WHAT YOU WILL DO: Write out, word for word, the first line of the data below and every line after it through the one containing "Sweatshirt - Fan Arch".

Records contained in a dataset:
────
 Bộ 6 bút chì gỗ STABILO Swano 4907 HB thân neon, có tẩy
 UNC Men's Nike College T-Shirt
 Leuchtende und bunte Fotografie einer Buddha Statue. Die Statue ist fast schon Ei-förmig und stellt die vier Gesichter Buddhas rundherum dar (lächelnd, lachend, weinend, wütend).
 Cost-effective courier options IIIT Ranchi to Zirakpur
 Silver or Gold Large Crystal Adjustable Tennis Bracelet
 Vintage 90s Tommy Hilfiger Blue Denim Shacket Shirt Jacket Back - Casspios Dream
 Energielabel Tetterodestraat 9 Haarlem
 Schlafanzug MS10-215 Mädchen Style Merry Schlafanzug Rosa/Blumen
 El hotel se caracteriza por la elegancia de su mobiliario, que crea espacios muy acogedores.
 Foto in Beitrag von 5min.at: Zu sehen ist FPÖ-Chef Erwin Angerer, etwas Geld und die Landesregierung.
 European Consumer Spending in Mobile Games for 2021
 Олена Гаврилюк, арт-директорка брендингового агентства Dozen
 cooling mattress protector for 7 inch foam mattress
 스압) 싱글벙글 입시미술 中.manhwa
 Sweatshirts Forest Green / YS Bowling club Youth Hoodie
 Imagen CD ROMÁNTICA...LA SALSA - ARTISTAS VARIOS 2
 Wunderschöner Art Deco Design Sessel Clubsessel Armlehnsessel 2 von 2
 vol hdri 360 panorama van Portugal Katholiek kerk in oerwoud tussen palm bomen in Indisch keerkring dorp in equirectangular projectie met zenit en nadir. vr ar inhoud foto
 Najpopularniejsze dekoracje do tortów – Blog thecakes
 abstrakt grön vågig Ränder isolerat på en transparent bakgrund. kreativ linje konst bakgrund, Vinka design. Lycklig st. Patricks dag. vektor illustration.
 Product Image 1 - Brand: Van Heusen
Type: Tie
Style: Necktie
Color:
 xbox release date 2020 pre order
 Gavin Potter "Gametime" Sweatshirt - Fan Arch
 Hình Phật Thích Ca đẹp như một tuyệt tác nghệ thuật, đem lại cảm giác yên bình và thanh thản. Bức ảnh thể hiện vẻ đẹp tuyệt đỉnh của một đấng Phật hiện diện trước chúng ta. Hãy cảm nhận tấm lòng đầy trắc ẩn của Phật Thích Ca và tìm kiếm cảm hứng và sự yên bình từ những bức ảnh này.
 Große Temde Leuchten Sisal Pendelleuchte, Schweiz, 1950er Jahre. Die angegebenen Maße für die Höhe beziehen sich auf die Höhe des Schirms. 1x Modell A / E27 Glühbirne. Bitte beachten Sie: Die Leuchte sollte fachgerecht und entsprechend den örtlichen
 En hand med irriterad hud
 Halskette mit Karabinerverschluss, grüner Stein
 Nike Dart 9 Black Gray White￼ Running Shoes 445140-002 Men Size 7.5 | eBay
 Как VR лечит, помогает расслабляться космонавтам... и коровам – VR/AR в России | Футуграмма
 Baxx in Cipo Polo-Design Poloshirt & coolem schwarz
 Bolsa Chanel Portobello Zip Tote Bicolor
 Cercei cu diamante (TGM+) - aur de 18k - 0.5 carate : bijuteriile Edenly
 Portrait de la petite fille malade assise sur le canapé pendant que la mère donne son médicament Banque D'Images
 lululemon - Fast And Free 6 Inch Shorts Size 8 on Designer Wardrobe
────
FINISHED TASK:
 Bộ 6 bút chì gỗ STABILO Swano 4907 HB thân neon, có tẩy
 UNC Men's Nike College T-Shirt
 Leuchtende und bunte Fotografie einer Buddha Statue. Die Statue ist fast schon Ei-förmig und stellt die vier Gesichter Buddhas rundherum dar (lächelnd, lachend, weinend, wütend).
 Cost-effective courier options IIIT Ranchi to Zirakpur
 Silver or Gold Large Crystal Adjustable Tennis Bracelet
 Vintage 90s Tommy Hilfiger Blue Denim Shacket Shirt Jacket Back - Casspios Dream
 Energielabel Tetterodestraat 9 Haarlem
 Schlafanzug MS10-215 Mädchen Style Merry Schlafanzug Rosa/Blumen
 El hotel se caracteriza por la elegancia de su mobiliario, que crea espacios muy acogedores.
 Foto in Beitrag von 5min.at: Zu sehen ist FPÖ-Chef Erwin Angerer, etwas Geld und die Landesregierung.
 European Consumer Spending in Mobile Games for 2021
 Олена Гаврилюк, арт-директорка брендингового агентства Dozen
 cooling mattress protector for 7 inch foam mattress
 스압) 싱글벙글 입시미술 中.manhwa
 Sweatshirts Forest Green / YS Bowling club Youth Hoodie
 Imagen CD ROMÁNTICA...LA SALSA - ARTISTAS VARIOS 2
 Wunderschöner Art Deco Design Sessel Clubsessel Armlehnsessel 2 von 2
 vol hdri 360 panorama van Portugal Katholiek kerk in oerwoud tussen palm bomen in Indisch keerkring dorp in equirectangular projectie met zenit en nadir. vr ar inhoud foto
 Najpopularniejsze dekoracje do tortów – Blog thecakes
 abstrakt grön vågig Ränder isolerat på en transparent bakgrund. kreativ linje konst bakgrund, Vinka design. Lycklig st. Patricks dag. vektor illustration.
 Product Image 1 - Brand: Van Heusen
Type: Tie
Style: Necktie
Color:
 xbox release date 2020 pre order
 Gavin Potter "Gametime" Sweatshirt - Fan Arch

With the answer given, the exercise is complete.